My 28-year-old son has some incomplete years of national insurance contributions (NICs). I am wondering if I should top them up for him using voluntary NICs so that he will get the full state pension.
I know he can only top up the past six years, but I have also read it may not be worth it. I am happy to help him financially, but only if it will benefit him.
At this early stage in his working life, your son does not need to worry about topping up his state pension as he has plenty of time to build up his entitlement.
In order to get a full state pension under current rules, you need to have paid or received credits for national insurance for 36 years. As your son has at least 40 years to go until he reaches the proposed state pension age, there is no benefit in making voluntary contributions at this stage.

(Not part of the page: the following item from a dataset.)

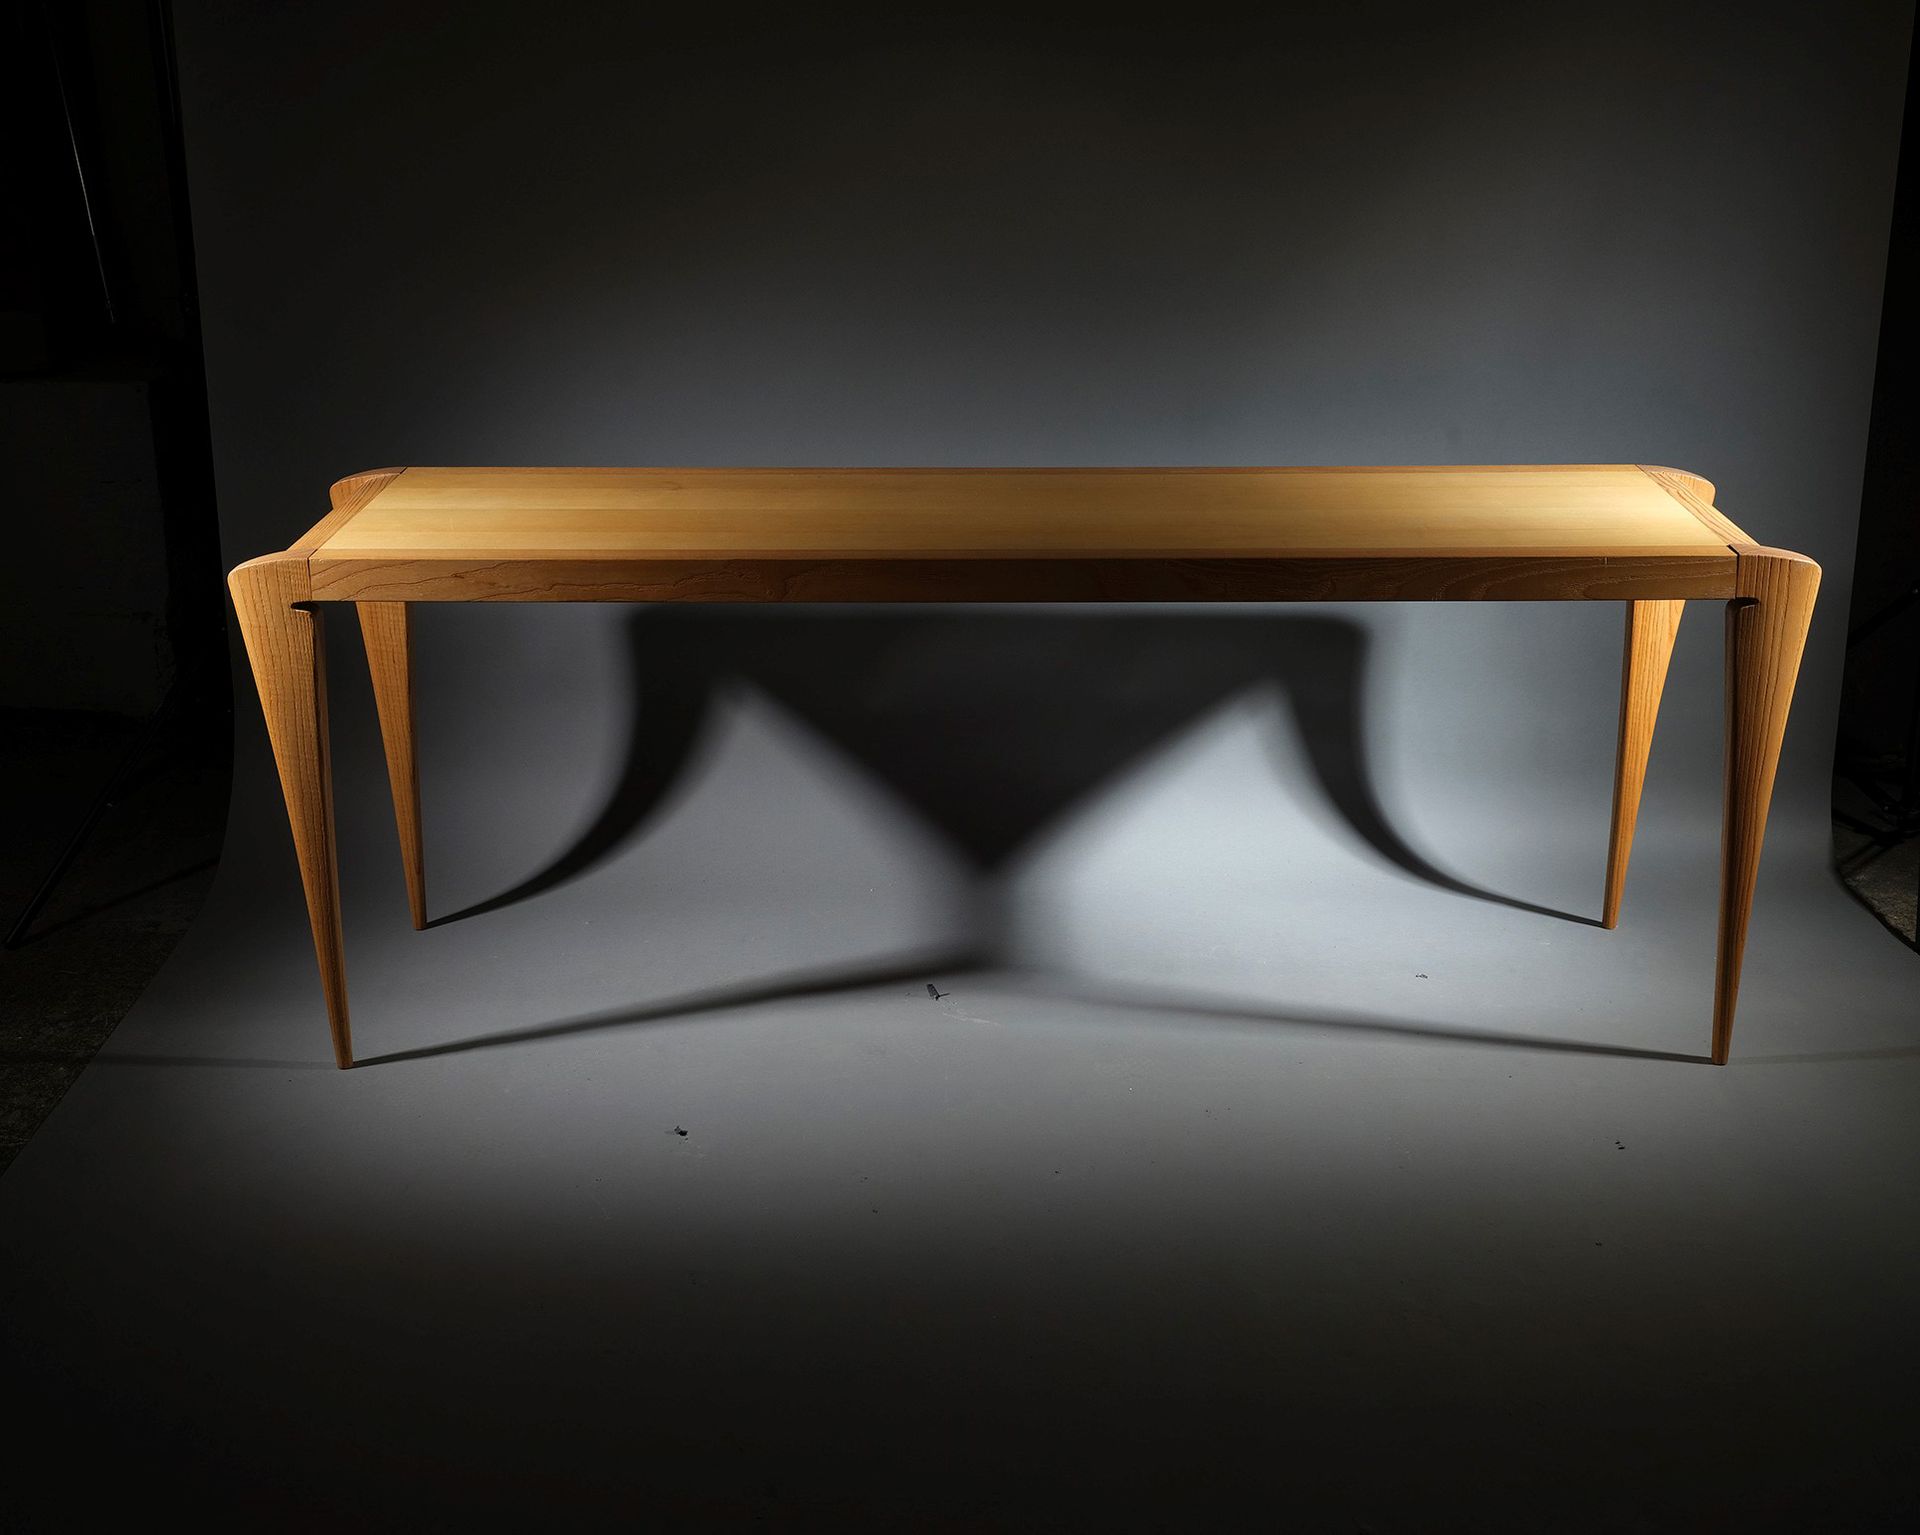 TRAVAIL ITALIEN 染色榆木梳妆台，长方形桌面，四脚锥形角腿
H.75 厘米 - 208 厘米 - 55 厘米

Making Voluntary National Insurance Contributions
The amount of state pension you receive depends on your national insurance contributions (NICs). This is a tax taken from your salary alongside income tax.
If you have not built up a full state pension entitlement during your working lifetime, then it is possible to pay voluntary NICs to boost your state pension. You can only buy NICs to cover gaps in your national insurance record from the past six years. Also be aware that it may not always increase your state pension, so speak to the Future Pensions Centre (visit Gov.uk/future-pension-centre or phone 0800 731 0175) before making any payments.
The cost of voluntary NICs depends on the year you want to pay for. The weekly rate is £13.90 for 2014/15; £14.25 for 2017/18; £14.65 for 2018/19; and £15 for 2019/20.
Michelle Cracknell is former chief executive of the Pensions Advisory Service.